Does that mean, for mexFunction, the unique way to cope with data is
double *data = mxGetPr(prhs[0]);
and I have to re-assign the data in different format by myself?

Réponses (2)

Bård Skaflestad
Bård Skaflestad le 22 Jan 2011
The mxGetPr() function always returns a pointer to double. Pointers to double are distinct from pointers to int and there exists no direct conversion between the two. Furthermore, the mxGetPr() function is only really applicable if the mxArray* satisfies either of mxIsDouble() or mxIsComplex(). If the mxArray* is any other data type (e.g., if mxIsInt32() returns true), then you must use the mxGetData() function to get at the actual data members of the mxArray*.

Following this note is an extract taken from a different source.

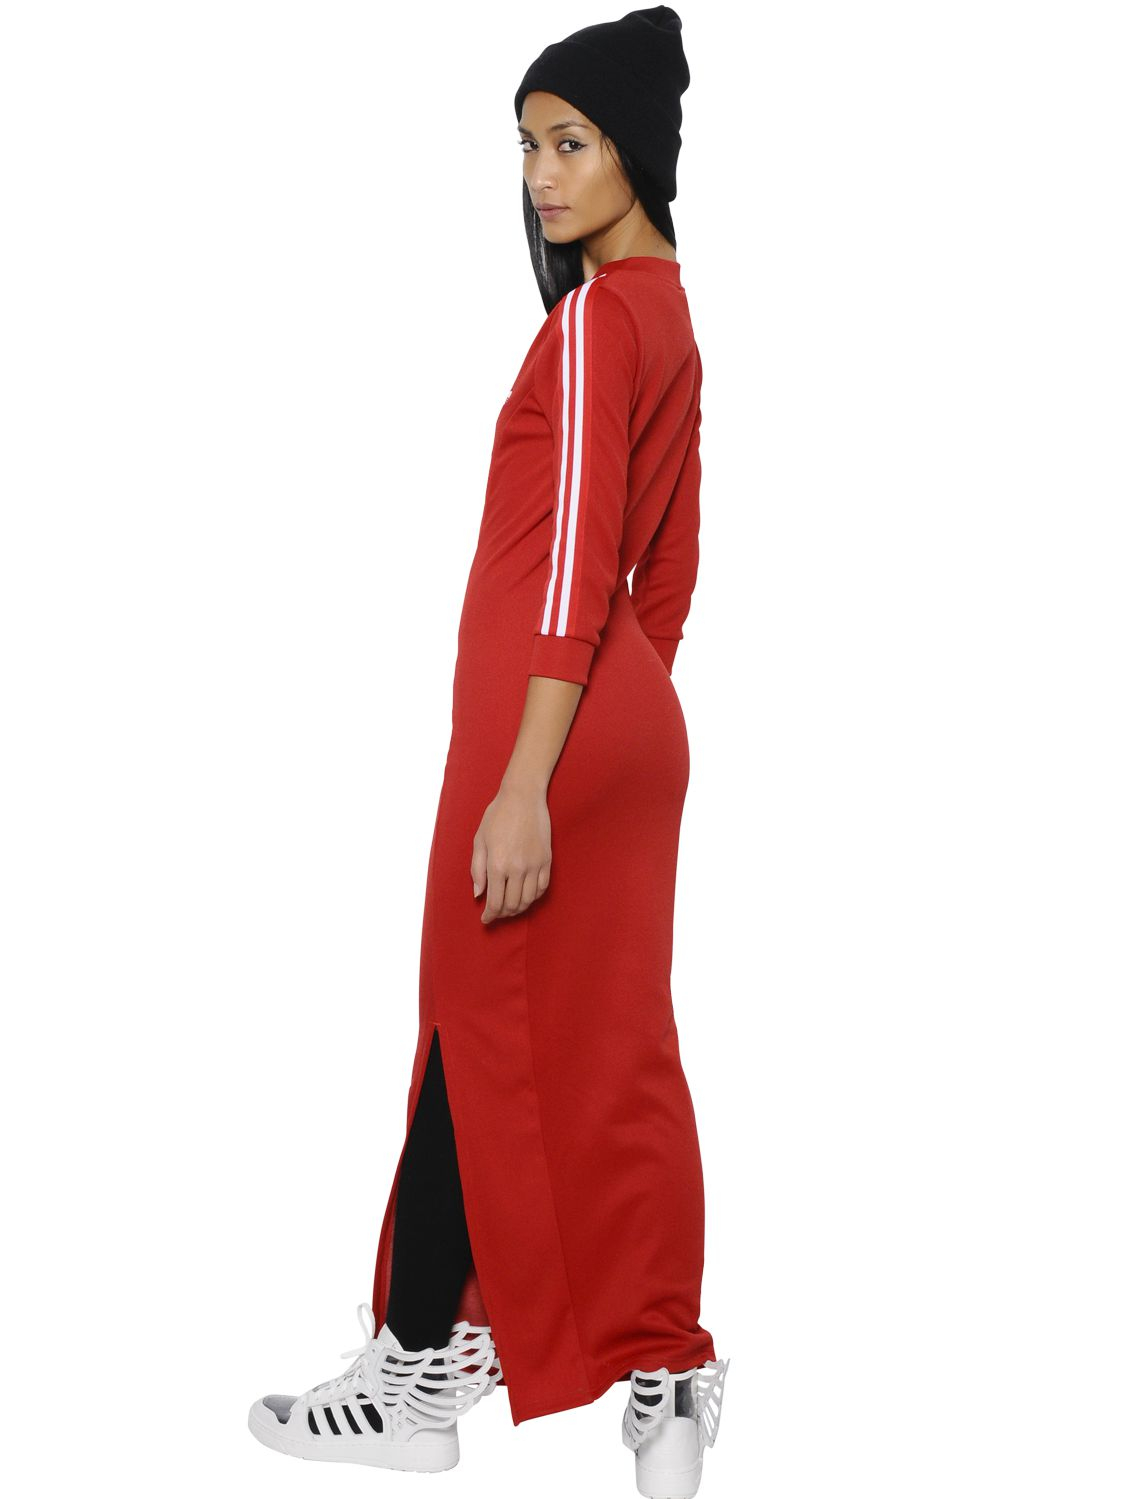 Jeremy Scott for adidas Striped Jersey Dress in Red - Lyst

The solution to your problem depends a lot on the expected input to your mexFunction(). If you want to accept (arrays of) any MATLAB (numeric) data type (e.g., double or uint32), then you will typically have to allocate some memory for your int *data in your mexFunction() (see mxMalloc() or mxCreateNumericMatrix()) and then loop over the data members of the mxArray* to manually effect the type conversion.
  5 commentaires
Walter Roberson
Walter Roberson le 25 Jan 2011
Jan, one of the oddities of C is that pointers to different types are allowed to be different lengths and use different representations. The only pointer conversion that is guaranteed is conversion to void* and conversion back to the same type -- this restriction explicitly defined in the C language.
You have also mixed together "int" (which Baard referenced) and int32_T . "int" is permitted to have an alignment smaller than 32 bits. Recall that traditionally "int" was a 16 bit quantity and it took "long int" to be sure of 32 or more bits.
Jan
Jan le 25 Jan 2011
Dear Walter, thanks for the important information. As far as I can see, I did *not* mix "int" and "int32_T", because these terms appear in different sentences.

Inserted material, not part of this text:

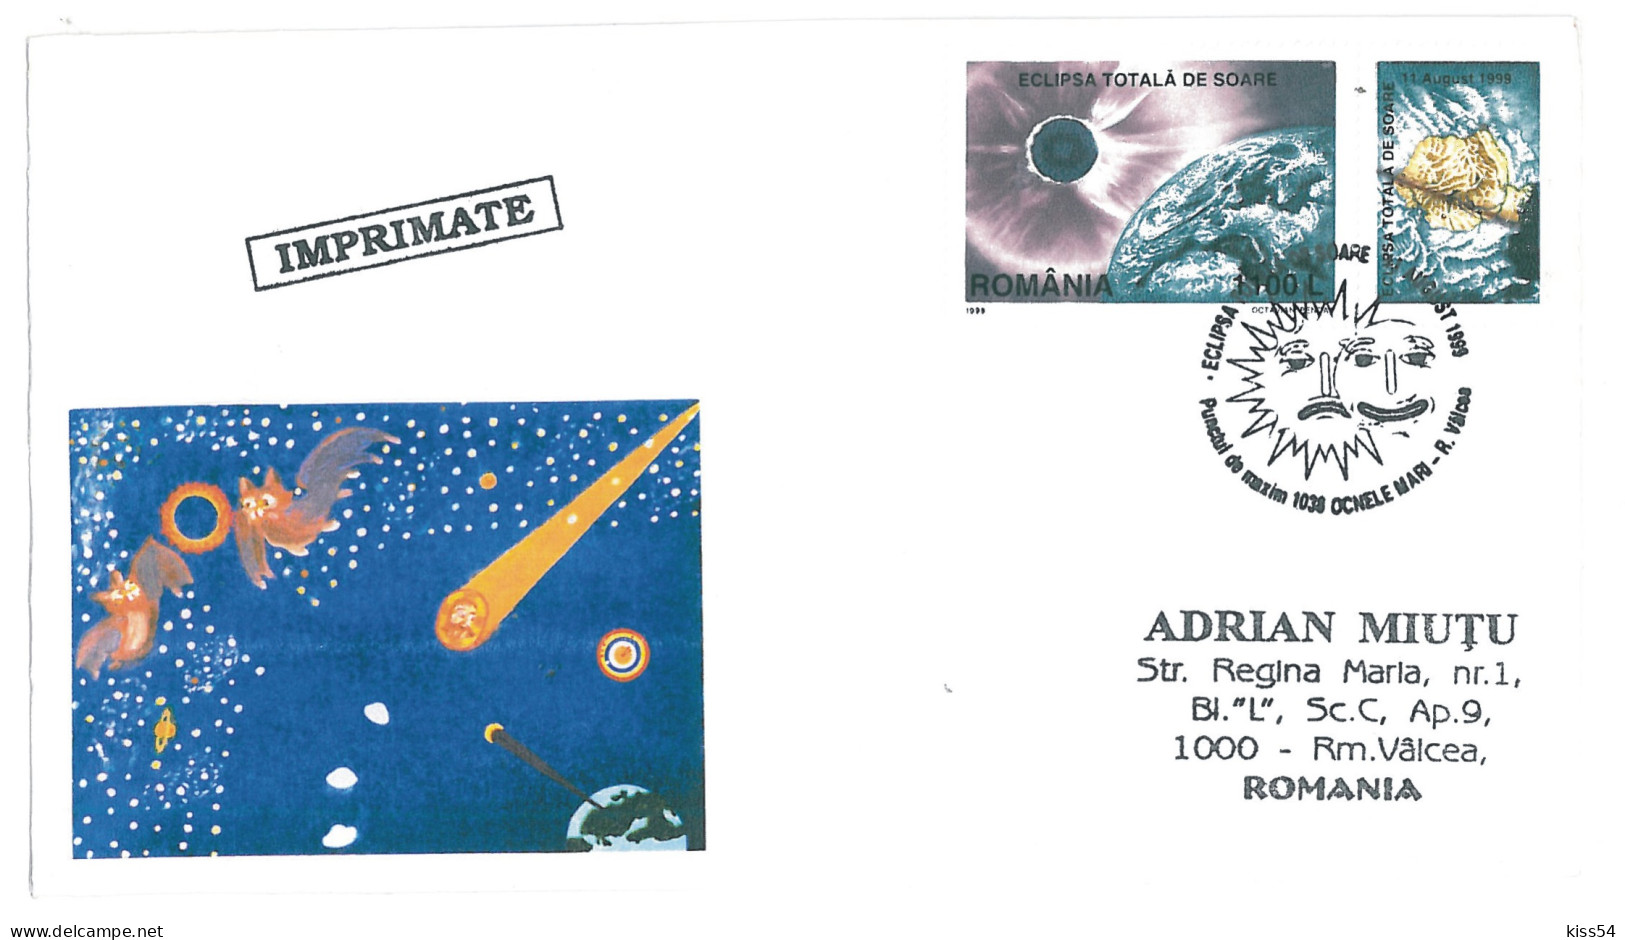 COV 87 - 1513 ASTRONOMY, Total Solar Eclipse, Romania, Stamp With Vignette - Cover - Used - 1999 - Cartes-maximum (CM)

You are right: The ISO C++ standard says clearly that the typecasting between different pointer types depend on the compiler. E.g. the alignment can cause problems when casting char* to a long*.
On the other hand, do you know a compiler supported by Matlab, which replies different values for "(int *) mxGetPi" and "(int *) mxGetImagData"?
However, it seems like the OP has another problem: Either he tries to cast the value by casting the pointer type, or he calls he uses the "%f" format for an int value (or *she*).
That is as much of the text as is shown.